Based on our experience with the public dataset, we can begin to define what an epidemiologically sound analysis to address the effectiveness of PGT-A using the HFEA register would require. This would require a bespoke dataset from the register with a more complete covariate set (as discussed above), linking of cycles relating to the same egg batch and the same woman and information on type of PGT-A.

The analysis would then include the following steps:

  1. 1.

    A careful data cleaning/validation, particularly of the linking of PGT-A indicators across the individual treatment courses.

  2. 2.

    Linking the frozen cycles to the fresh cycle providing the embryos, so enabling covariates relating to egg and embryo number for frozen as well as fresh cycles.

  3. 3.

    Defining and creating multi-cycle outcomes (first transfer LBE, cumulative LBE, time to LBE).

  4. 4.

    Careful consideration of the covariates as discussed above and their representation.

  5. 5.

    Selection of appropriate control groups so that, as far as possible, cycles not eligible for PGT-A are excluded.

  6. 6.

    Application of the same exclusions to the PGT-A as to the control cycles.

  7. 7.

    Fitting appropriate models to estimate the treatment effects adjusting for the covariates.

  8. 8.

    Sensitivity analyses around the exclusions and control group definitions.

However, such an analysis will still have significant weaknesses:

  1. 1.

    There is lack of intermediate outcomes in the Register. It is not possible to rigorously determine those cycles that potentially could get PGT-A and are reliant on surrogates such as the number of embryos created.

  2. 2.

    The HFEA record instances of embryo biopsy rather than the intent to perform embryo biopsy, so will miss cycles where PGT-A was intended, but no eggs were retrieved, or no embryos were available for biopsy.

  3. 3.

    Observational data will always be unreliable when the treatment is determined by patient choice/ability to pay as there are numerous unmeasured and unmeasurable factors that influence this decision, and these could be correlated with prognosis.

  4. 4.

    Whilst we can adjust for measured covariates, these effects are strong [18], and the covariates often are imprecisely recorded. Any such analysis is therefore unlikely to reduce the bias in the treatment OR below ± 0.2 which is a substantial treatment effect and about the magnitude any treatment add-on could be likely to achieve (~ 5% or so absolute uplift in LBE).

  5. 5.

    Any bespoke dataset will exclude those patients who did not give their consent for data disclosure. Data from another study suggests that this could amount to a loss of 40% of the PGT-A cycles and 35% of non-PGT-A cycles in the 2016–2018 timeframe with correlation between clinics with poor consent rates and those offering PGT-A. This reduces the power and precision of the estimates and potentially leads to significant biases in any estimates.

  6. 6.

    Larger, more detailed and more recent data would give the power to look at sub-types of PGT-A and to look specifically at the more recent iterations of PGT-A. However, data beyond 2018 are not likely to be available before mid-2023 due to the migration of database systems within the HFEA. The COVID-19 pandemic led to the temporary closure of many clinics, so data for 2020/21 are limited.
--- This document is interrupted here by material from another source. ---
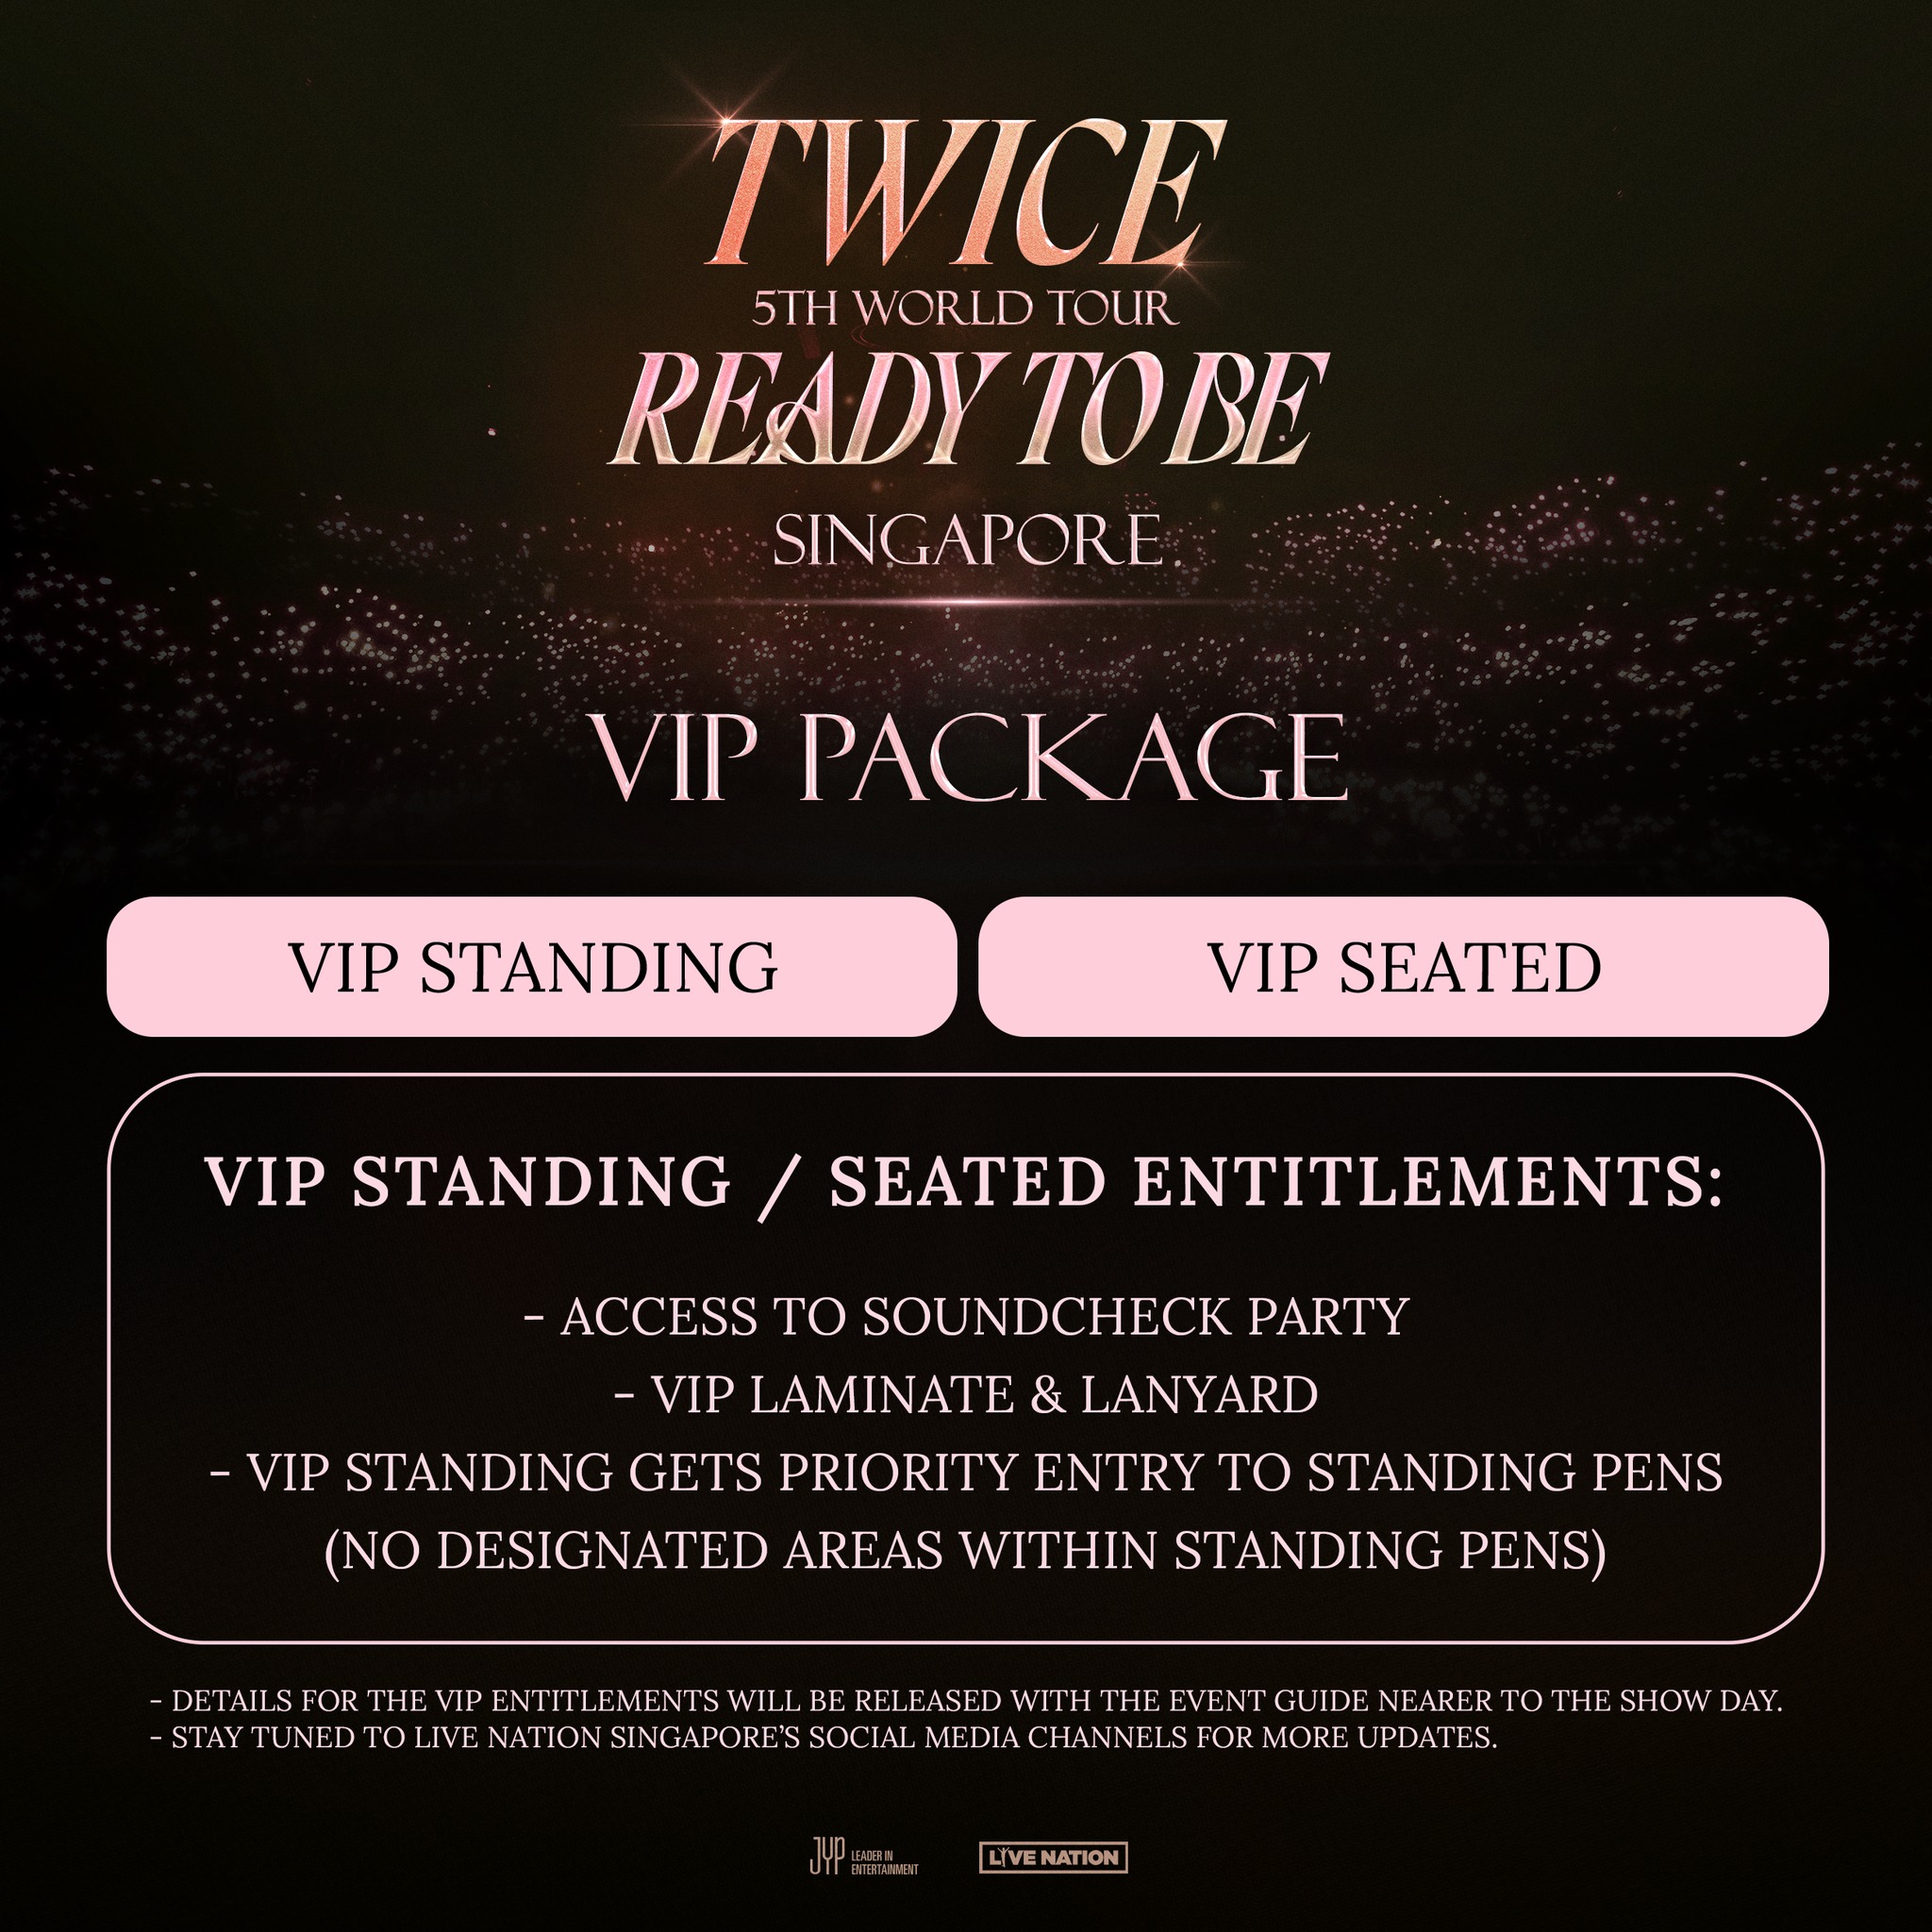 Twice 'Ready To Be' concert: Everything you need to know

It is therefore not clear whether the biases and limitations inherent in the Registry data will allow useful conclusions to be drawn (see also [19]). We are currently going through the design and approval process to obtain a bespoke dataset to allow us to assess what can be achieved.

Conclusion

We have shown that, if we compare like with like, we obtain estimates of the effect of PGT-A from the publicly available HFEA Register data that suggest an overall modest reduction in LBE. These are in direct contrast to the ill-founded claims made by others [15, 16]. A detailed analysis of a fuller dataset is warranted, but it remains to be demonstrated whether the UK Register data can provide useful estimates of the utility of PGT-A as a treatment add-on.